Sorry for the late reply, dont often check the fish forums these days!

As said, sand is great, they dont tend to kick the sand up when they swim there very graceful and hover mid level usually.

No chance of being shocked through the glass.

I haven't tried anything else, oh there's some banjo catfish in there (i think still!) I wouldn't risk anything that you value though.

Good clean water! Just avoid the extremes on PH and hardness and keep nitrates down to avoid disease and encourage good growth.

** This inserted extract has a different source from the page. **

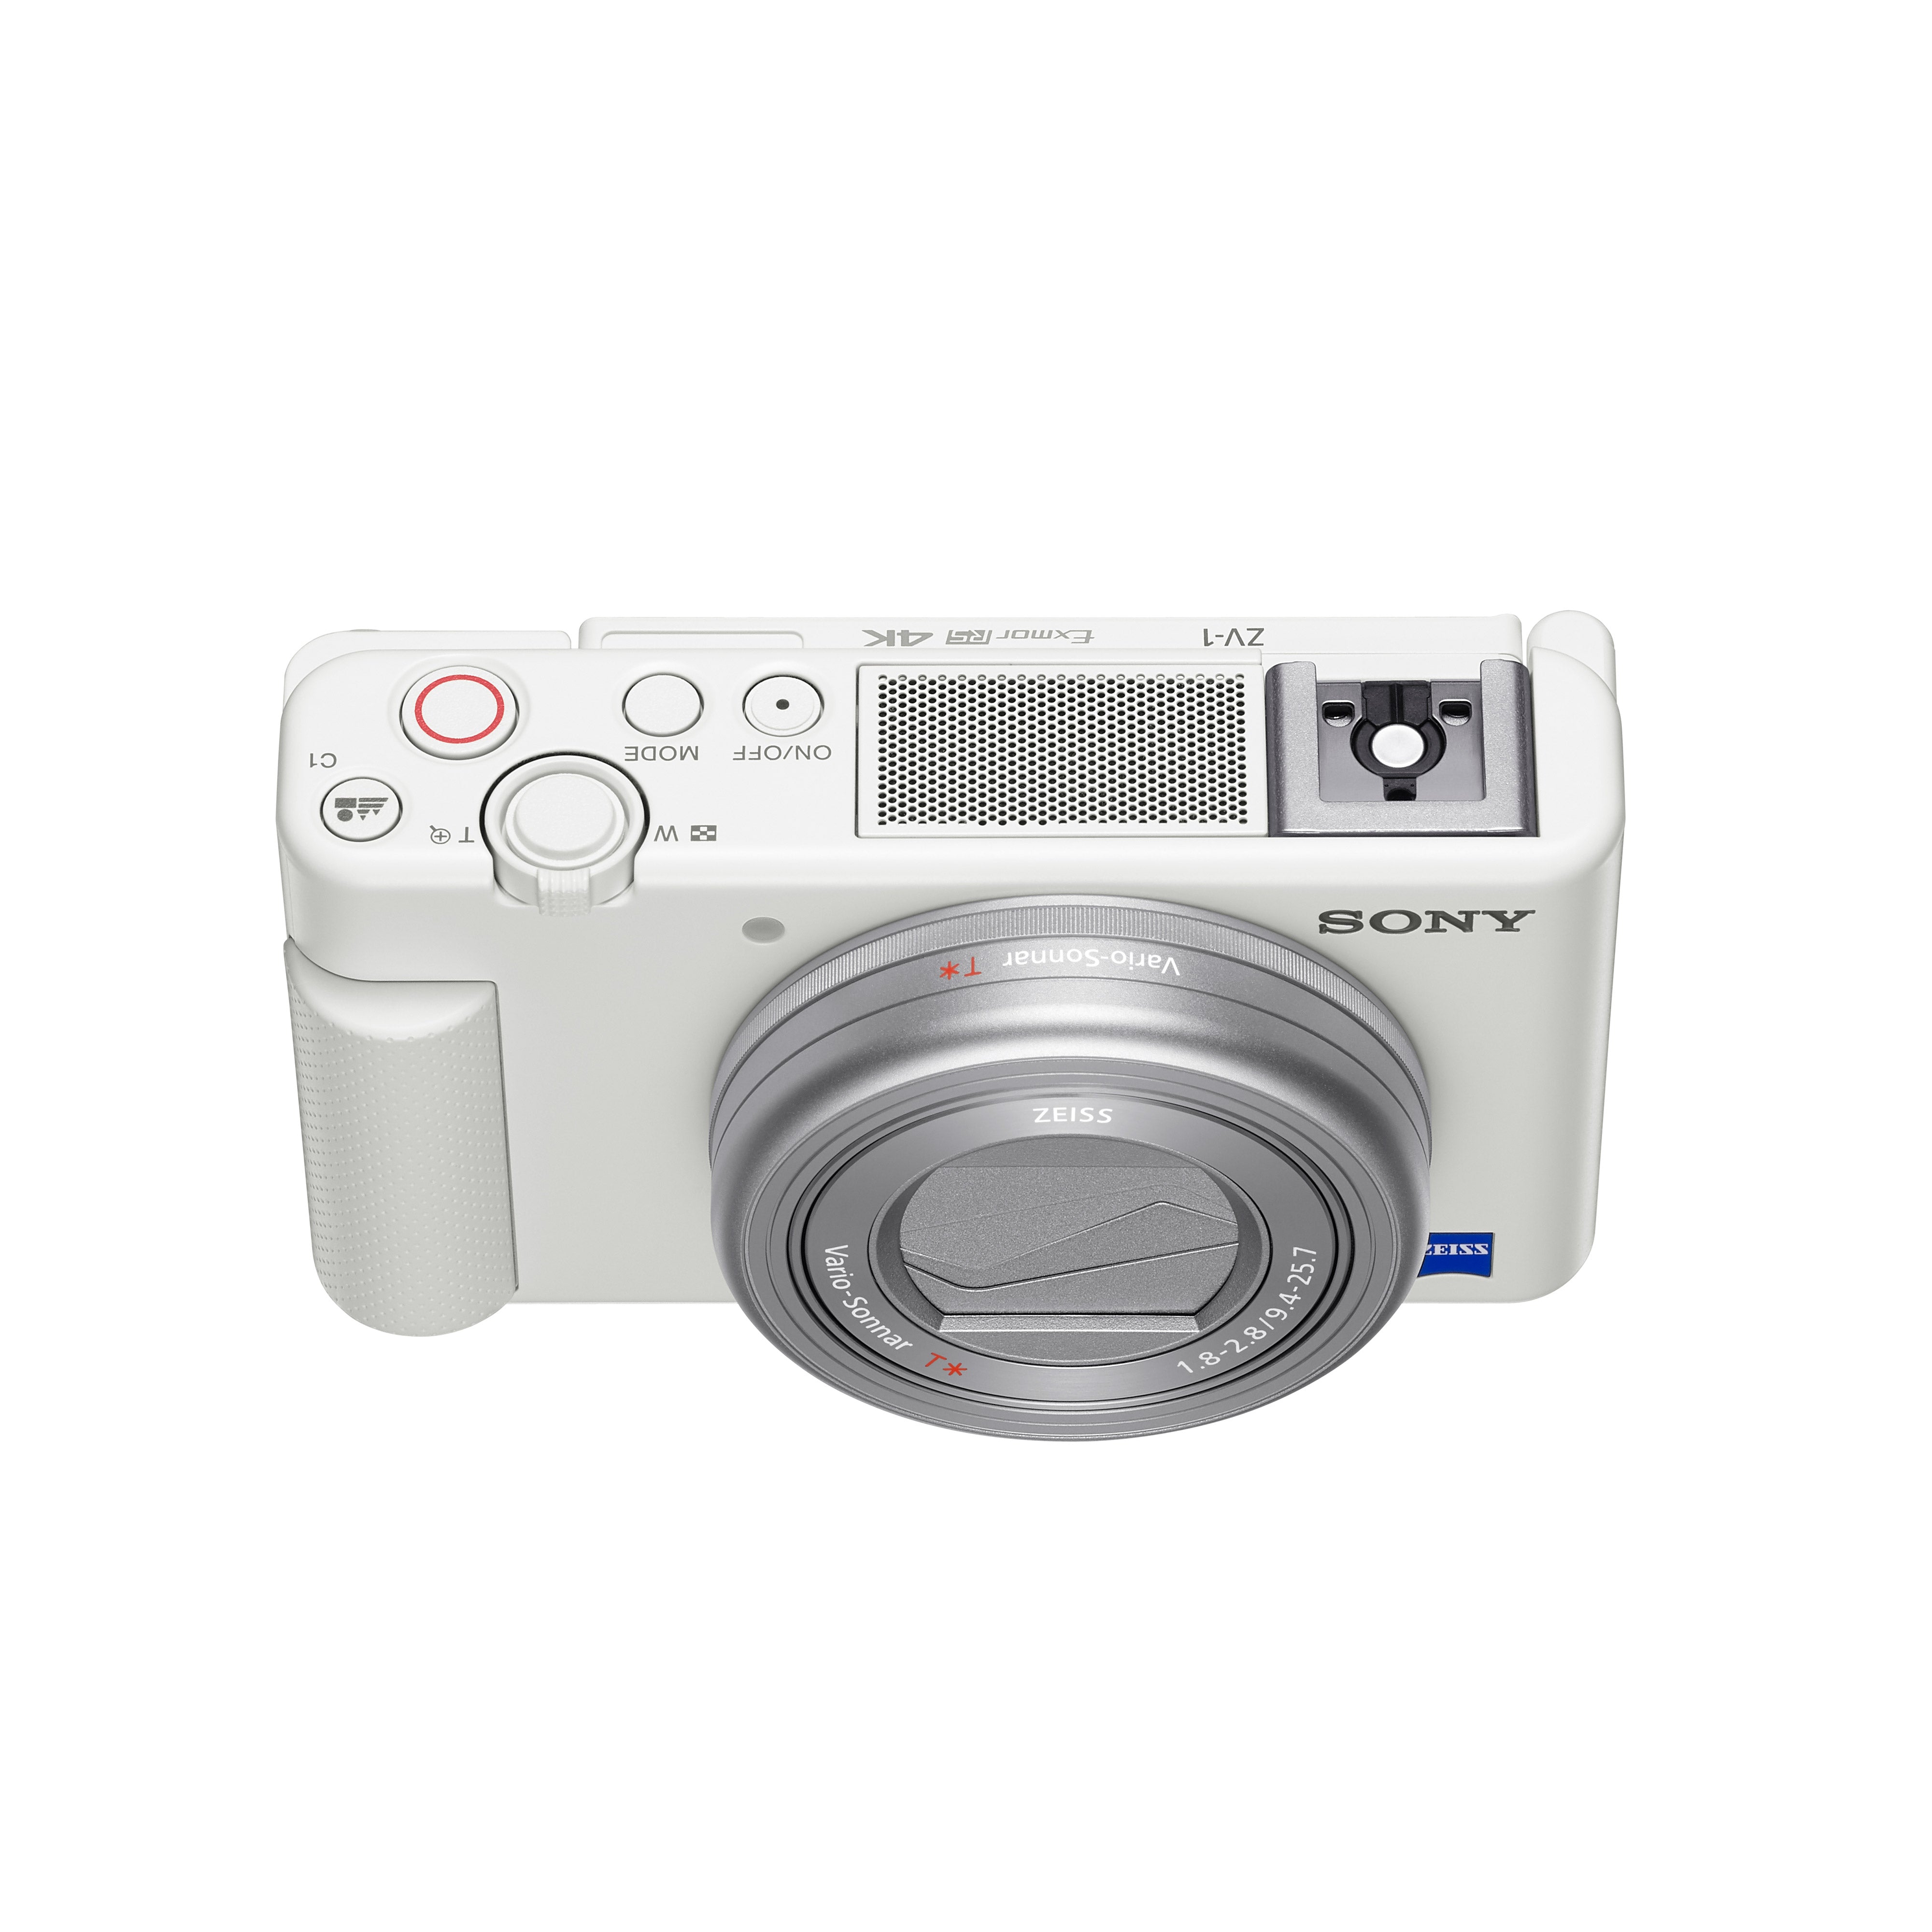 Sony ZV-1 Camera for Content Creators and Vloggers (White)
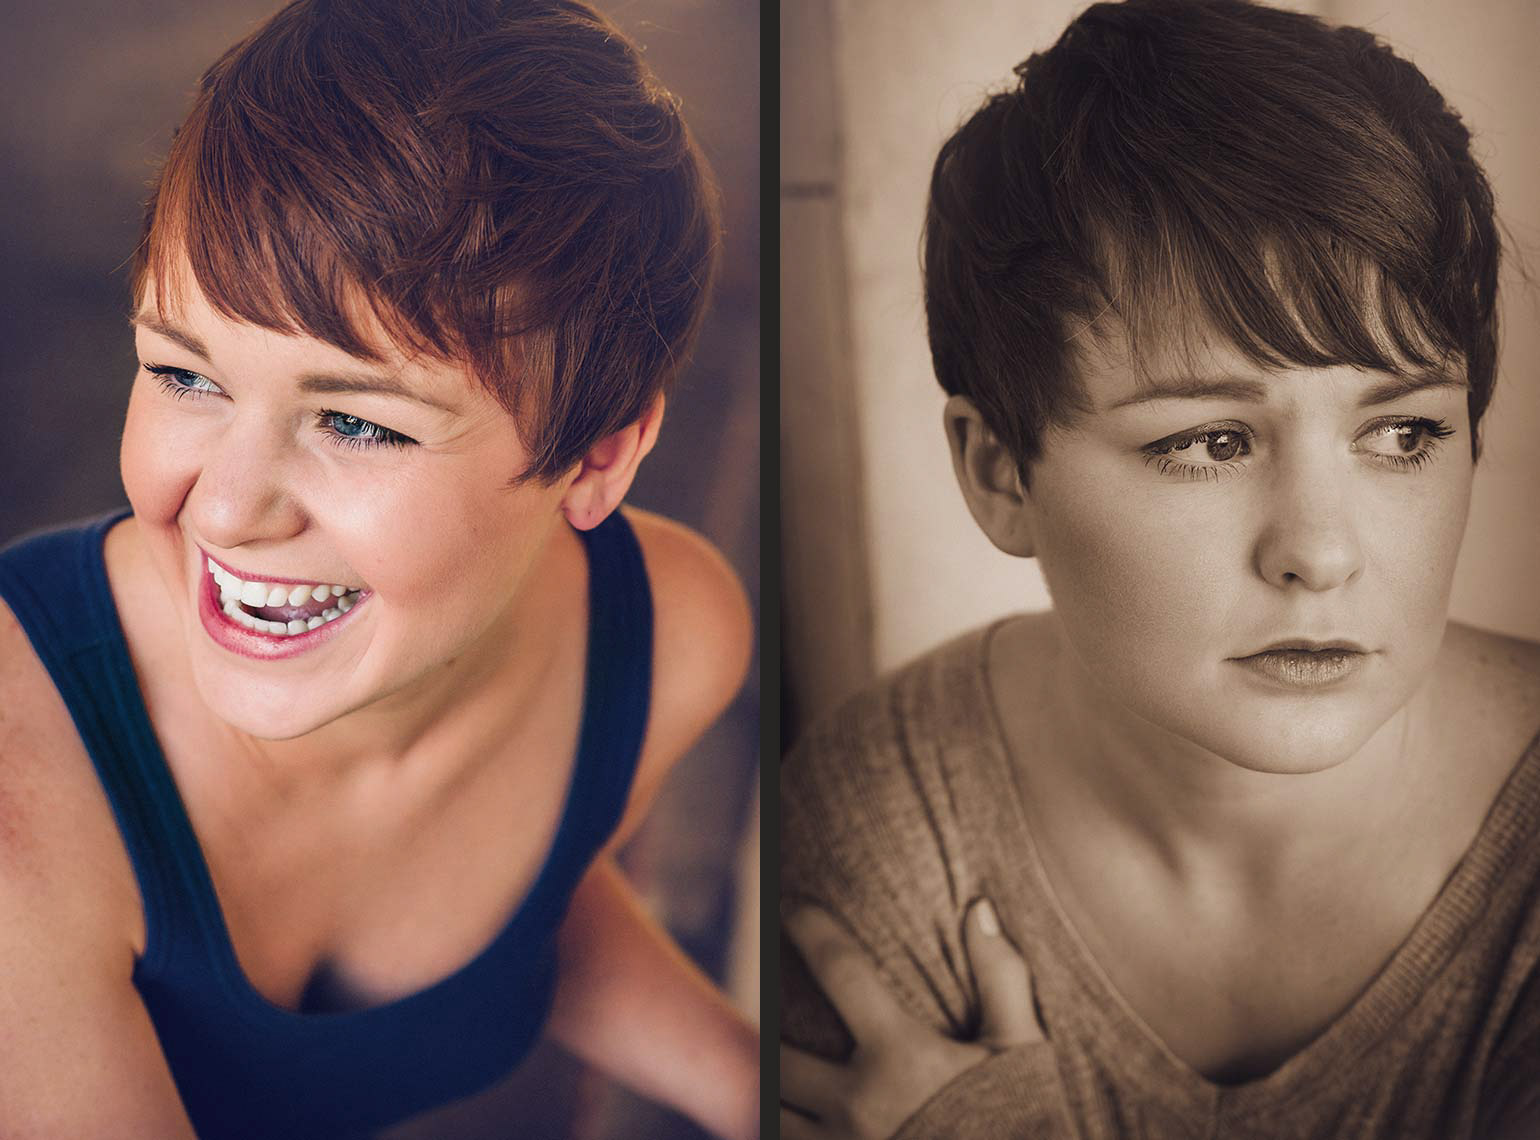 Contrasting emotions from actress Edie Hovey in photos by Brad Buckman.

As for cleaning I use a piece of 25mm rigid pipe with 1" flexi pipe stuck on the end to drain my tanks, I just make sure my hands are out the water and try and keep the end of the pipe away from him as he's just started attacking it sometimes.

Good luck with your new eel!
 
I miss my E-eels! I've had two, one I lost due extreme stupidity on my part...I left the heater unplugged after a water change...in Feb...and I was out of the house for a week...it got a terrible bacterial thing...

And the second one I had for several months and was doing good, then a few days after feeding, the body swelled up to the size of a tennis ball, like it was filled with water. It was really weird, I've never seen that happen to a fish (and I managed a big LFS for several years).
 
Sorry I missed the pm about this thread.
I sold mine cheap and I do miss it.
Real easy to keep mine was eating hikari cichlid gold pellets and cichlids! lol
He shared a tank with an applesnail that suvived with him the entire time I had it.A few kribs lasted a few weeks then dissapeared one day.Mine was more active at night so if you get one like that moonlights might be in order.I didnt expect it to be a digger but he did a pretty good job of trying to bury the sponge filter under the sand.